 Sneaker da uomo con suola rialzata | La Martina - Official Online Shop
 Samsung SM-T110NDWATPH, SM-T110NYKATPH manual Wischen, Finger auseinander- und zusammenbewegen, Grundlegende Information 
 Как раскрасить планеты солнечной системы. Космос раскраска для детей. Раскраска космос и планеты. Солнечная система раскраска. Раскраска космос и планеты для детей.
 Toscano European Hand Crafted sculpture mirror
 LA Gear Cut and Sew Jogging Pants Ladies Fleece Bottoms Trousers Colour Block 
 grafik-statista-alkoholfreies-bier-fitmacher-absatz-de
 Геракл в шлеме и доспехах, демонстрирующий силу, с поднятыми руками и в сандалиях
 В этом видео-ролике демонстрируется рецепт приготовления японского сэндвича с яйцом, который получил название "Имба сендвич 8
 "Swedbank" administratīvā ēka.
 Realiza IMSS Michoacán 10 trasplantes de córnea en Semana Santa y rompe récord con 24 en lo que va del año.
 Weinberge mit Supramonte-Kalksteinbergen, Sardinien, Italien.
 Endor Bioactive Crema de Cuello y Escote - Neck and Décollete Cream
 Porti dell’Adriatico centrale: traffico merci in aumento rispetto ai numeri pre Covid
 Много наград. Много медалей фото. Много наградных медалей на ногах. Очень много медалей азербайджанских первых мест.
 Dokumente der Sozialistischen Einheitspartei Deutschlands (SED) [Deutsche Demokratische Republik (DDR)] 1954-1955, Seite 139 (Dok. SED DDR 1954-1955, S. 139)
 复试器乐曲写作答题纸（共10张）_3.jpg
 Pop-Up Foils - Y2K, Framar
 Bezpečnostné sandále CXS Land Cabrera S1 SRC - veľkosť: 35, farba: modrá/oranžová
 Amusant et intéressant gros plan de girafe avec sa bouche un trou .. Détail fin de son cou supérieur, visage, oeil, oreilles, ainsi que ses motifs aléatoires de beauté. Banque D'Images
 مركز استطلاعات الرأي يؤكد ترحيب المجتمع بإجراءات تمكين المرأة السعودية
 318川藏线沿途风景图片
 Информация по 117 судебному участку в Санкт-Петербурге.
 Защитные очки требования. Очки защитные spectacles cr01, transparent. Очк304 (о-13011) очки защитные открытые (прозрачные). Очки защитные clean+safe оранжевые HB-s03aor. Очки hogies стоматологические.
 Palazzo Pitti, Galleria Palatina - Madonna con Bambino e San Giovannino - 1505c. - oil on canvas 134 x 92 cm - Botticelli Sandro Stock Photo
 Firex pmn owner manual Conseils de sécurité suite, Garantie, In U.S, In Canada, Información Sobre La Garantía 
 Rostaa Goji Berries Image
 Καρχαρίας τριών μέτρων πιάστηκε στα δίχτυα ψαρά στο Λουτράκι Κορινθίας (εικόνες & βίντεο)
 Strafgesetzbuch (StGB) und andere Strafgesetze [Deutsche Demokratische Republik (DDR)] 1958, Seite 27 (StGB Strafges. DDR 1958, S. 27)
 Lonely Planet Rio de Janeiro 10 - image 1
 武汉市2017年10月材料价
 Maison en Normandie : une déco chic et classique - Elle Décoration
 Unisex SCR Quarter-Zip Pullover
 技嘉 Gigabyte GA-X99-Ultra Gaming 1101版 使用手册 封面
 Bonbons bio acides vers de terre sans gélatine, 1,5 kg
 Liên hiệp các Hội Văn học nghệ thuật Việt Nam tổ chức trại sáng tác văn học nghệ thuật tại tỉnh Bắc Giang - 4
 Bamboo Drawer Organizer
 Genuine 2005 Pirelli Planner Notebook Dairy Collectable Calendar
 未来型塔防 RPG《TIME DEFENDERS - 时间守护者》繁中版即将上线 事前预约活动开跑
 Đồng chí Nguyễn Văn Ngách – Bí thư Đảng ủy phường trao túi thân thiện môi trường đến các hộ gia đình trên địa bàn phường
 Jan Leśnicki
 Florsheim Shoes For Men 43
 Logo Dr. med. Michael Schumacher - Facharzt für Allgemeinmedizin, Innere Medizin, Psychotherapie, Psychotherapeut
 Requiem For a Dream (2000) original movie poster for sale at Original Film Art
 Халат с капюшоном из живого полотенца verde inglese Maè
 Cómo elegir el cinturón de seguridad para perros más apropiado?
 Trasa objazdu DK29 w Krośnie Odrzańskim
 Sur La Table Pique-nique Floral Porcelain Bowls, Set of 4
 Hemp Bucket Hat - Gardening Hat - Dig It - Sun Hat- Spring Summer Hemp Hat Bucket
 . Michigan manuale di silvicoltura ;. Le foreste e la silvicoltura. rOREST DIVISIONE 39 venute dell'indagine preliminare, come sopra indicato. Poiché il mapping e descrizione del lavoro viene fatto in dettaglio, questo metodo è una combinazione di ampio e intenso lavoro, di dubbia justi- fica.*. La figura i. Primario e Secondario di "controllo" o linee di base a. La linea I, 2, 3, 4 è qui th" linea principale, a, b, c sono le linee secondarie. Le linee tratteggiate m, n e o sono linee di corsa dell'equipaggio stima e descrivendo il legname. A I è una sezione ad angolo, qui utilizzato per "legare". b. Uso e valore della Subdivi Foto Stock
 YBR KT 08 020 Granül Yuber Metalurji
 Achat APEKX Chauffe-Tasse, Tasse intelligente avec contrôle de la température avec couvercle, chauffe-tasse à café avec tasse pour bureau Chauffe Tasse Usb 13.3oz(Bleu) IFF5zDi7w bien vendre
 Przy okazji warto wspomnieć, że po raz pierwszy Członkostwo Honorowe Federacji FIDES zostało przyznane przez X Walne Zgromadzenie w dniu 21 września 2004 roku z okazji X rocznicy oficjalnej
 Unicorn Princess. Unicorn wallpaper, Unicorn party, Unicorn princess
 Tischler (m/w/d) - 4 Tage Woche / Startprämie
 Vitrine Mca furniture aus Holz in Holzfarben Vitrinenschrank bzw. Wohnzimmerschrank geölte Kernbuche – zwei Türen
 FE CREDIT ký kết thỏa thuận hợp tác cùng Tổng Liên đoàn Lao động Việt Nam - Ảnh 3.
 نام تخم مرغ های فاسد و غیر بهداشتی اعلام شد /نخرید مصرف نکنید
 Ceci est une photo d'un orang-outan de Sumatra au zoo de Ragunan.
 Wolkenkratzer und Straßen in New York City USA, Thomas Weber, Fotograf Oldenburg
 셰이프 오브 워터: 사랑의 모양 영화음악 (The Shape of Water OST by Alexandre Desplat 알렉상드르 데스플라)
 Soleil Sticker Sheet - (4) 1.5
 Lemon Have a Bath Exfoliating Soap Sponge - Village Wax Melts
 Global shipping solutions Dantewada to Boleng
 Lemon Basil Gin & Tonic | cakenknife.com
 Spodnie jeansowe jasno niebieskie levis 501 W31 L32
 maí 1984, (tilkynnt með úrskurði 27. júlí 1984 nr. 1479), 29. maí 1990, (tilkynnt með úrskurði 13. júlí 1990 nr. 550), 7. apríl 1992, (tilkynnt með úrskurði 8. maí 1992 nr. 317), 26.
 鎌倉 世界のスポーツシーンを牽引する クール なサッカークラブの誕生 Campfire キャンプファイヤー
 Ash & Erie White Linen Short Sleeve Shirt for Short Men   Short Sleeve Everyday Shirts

◆ Work to be completed ◆
Taking the entries above, restate exactly those lines that fall between the line with "Amusant et intéressant" and the line with "Защитные очки требования.", keeping both of those lines too.

◆ Answer section ◆
 Amusant et intéressant gros plan de girafe avec sa bouche un trou .. Détail fin de son cou supérieur, visage, oeil, oreilles, ainsi que ses motifs aléatoires de beauté. Banque D'Images
 مركز استطلاعات الرأي يؤكد ترحيب المجتمع بإجراءات تمكين المرأة السعودية
 318川藏线沿途风景图片
 Информация по 117 судебному участку в Санкт-Петербурге.
 Защитные очки требования. Очки защитные spectacles cr01, transparent. Очк304 (о-13011) очки защитные открытые (прозрачные). Очки защитные clean+safe оранжевые HB-s03aor. Очки hogies стоматологические.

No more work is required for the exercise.